To ascertain whether smoking or alcohol consumption is associated with lupus erythematosus (LE), because this topic is still subject to debate and part of the debate could be related to the fact that smoking and alcohol consumption are specific risk factors for cutaneous LE.
Prospective multicenter case-control study.
Three French university hospitals.
One hundred eight patients with LE and 216 control subjects.
Standardized questionnaire evaluating cigarette smoking and alcohol consumption.
Main Outcome Measures
The statistical significance of smoking history and alcohol consumption as associated risk factors for LE by estimating matched case-control odds ratios and their 95% confidence intervals, using multiple conditional logistic regression and the Breslow-Day test to investigate differences in quantities of cigarette and alcohol consumption.

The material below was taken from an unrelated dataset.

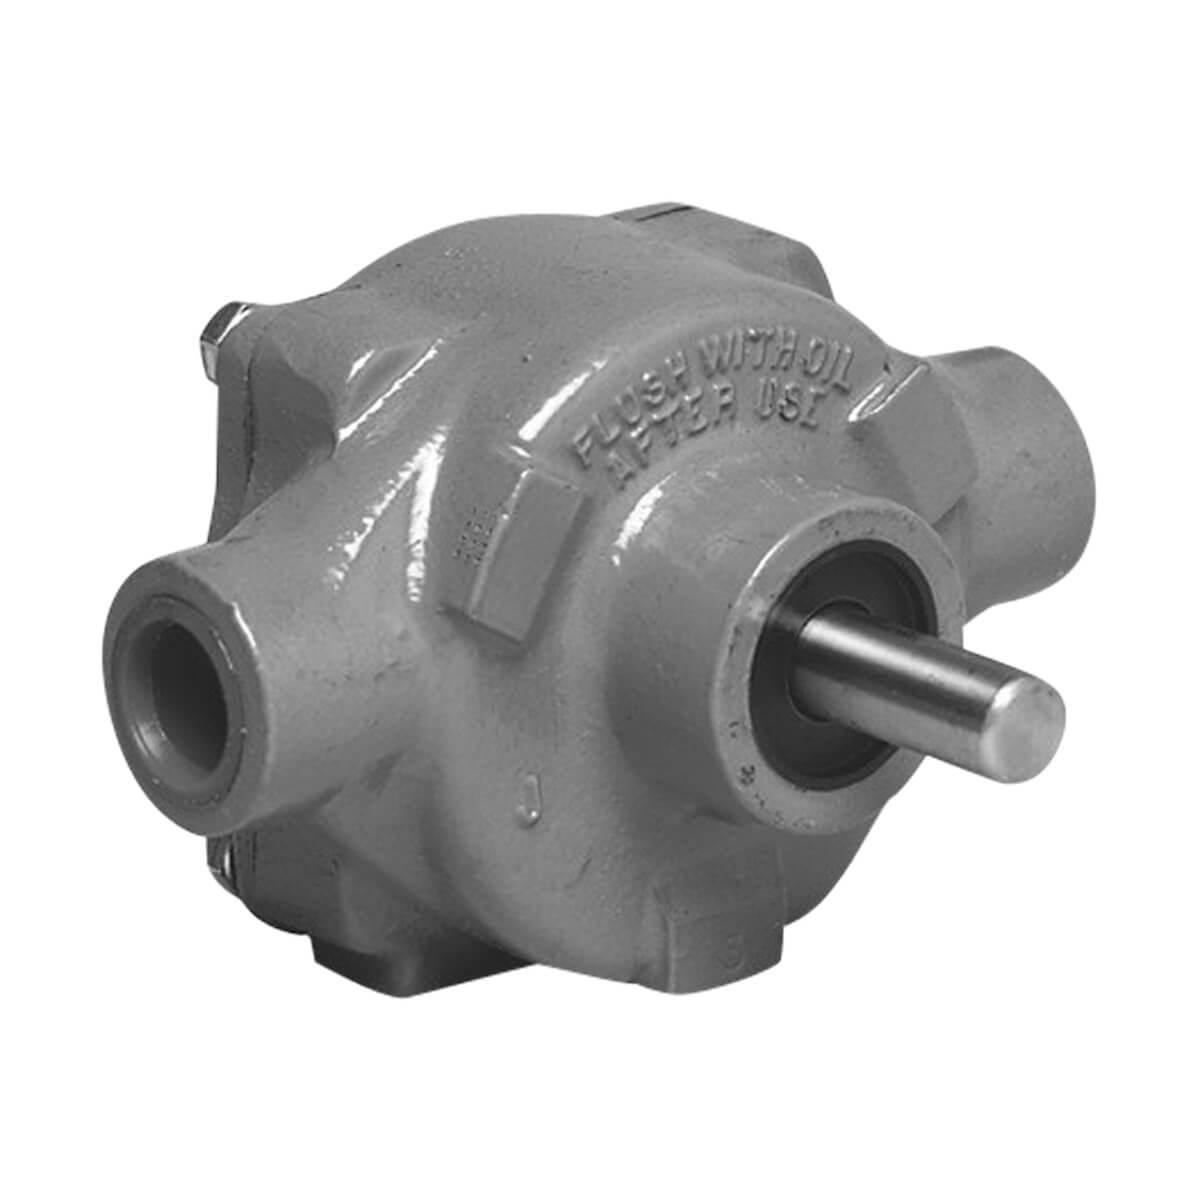 Hypro Roller Pumps - 1700C
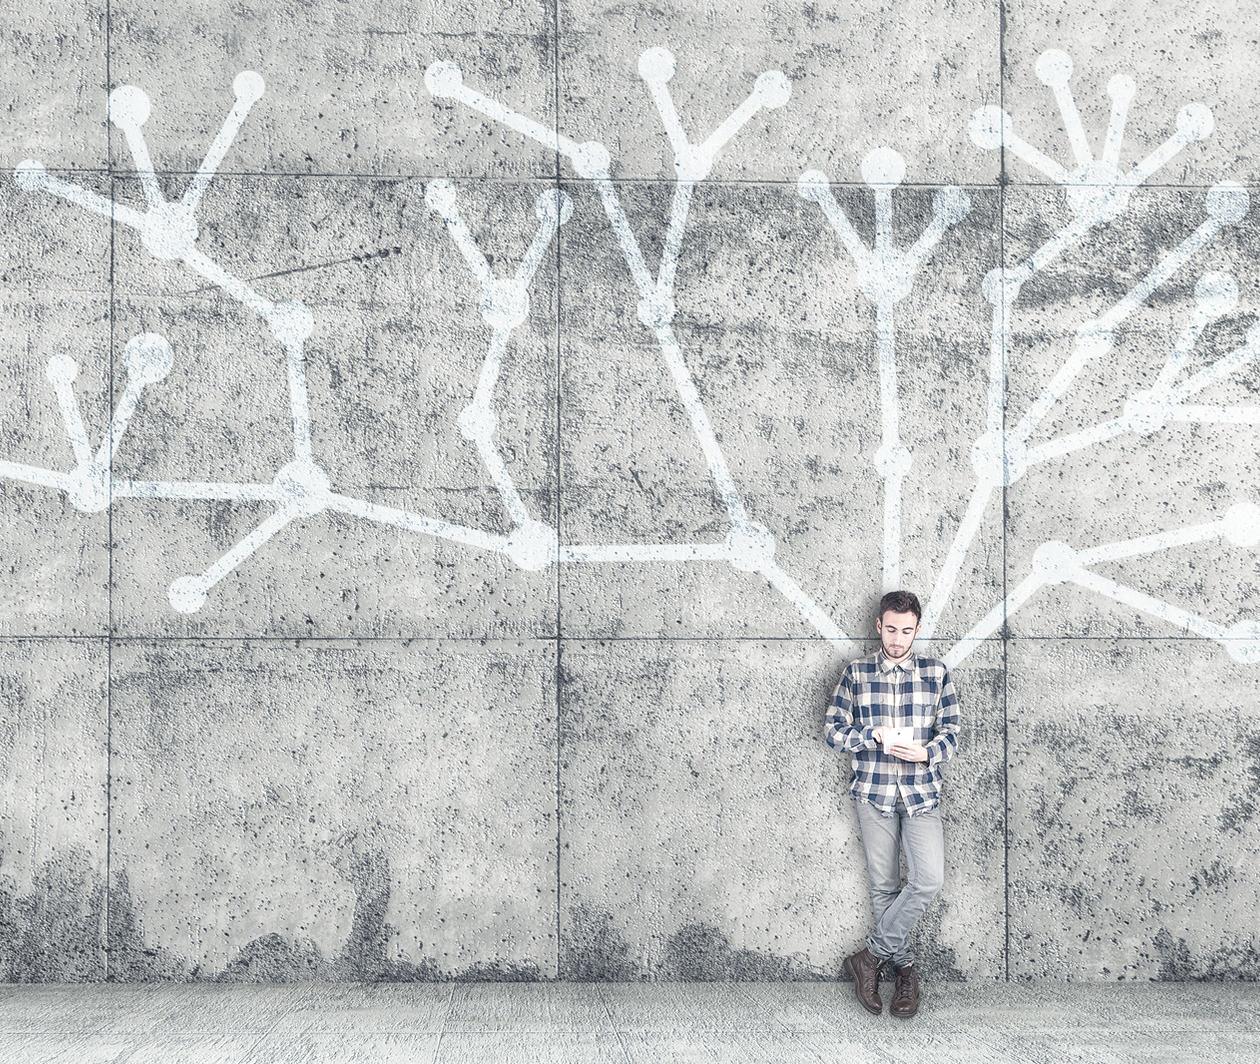 Curso SMART-ASD: Conectando Tecnologías con Personas con Autismo

Of the LE patients, 73.1% smoked compared with 49.5% of controls, (odds ratio, 2.77; 95% confidence interval, 1.63-4.76). There was no significant difference in alcohol consumption between LE patients and controls. Among the 79 LE patients who smoked, 72 (91.1%) had started smoking before the first manifestation of LE (mean delay between initiation of smoking and first signs of LE, 14.1 years). The LE patients smoked significantly more than controls did (11.7 vs 7.0 pack-years; P = .002). The prevalence of smoking among patients who met more than 4 American College of Rheumatology (ACR) criteria and/or with antinuclear DNA antibodies was lower than the prevalence in patients who met fewer than 4 ACR criteria or than the prevalence in controls (P < .001).
Cigarette smoking is associated with LE, but alcohol consumption is not. The risk conferred by cigarette smoking seems highest in patients who meet fewer than 4 ACR criteria and/or who do not have antinuclear DNA antibodies.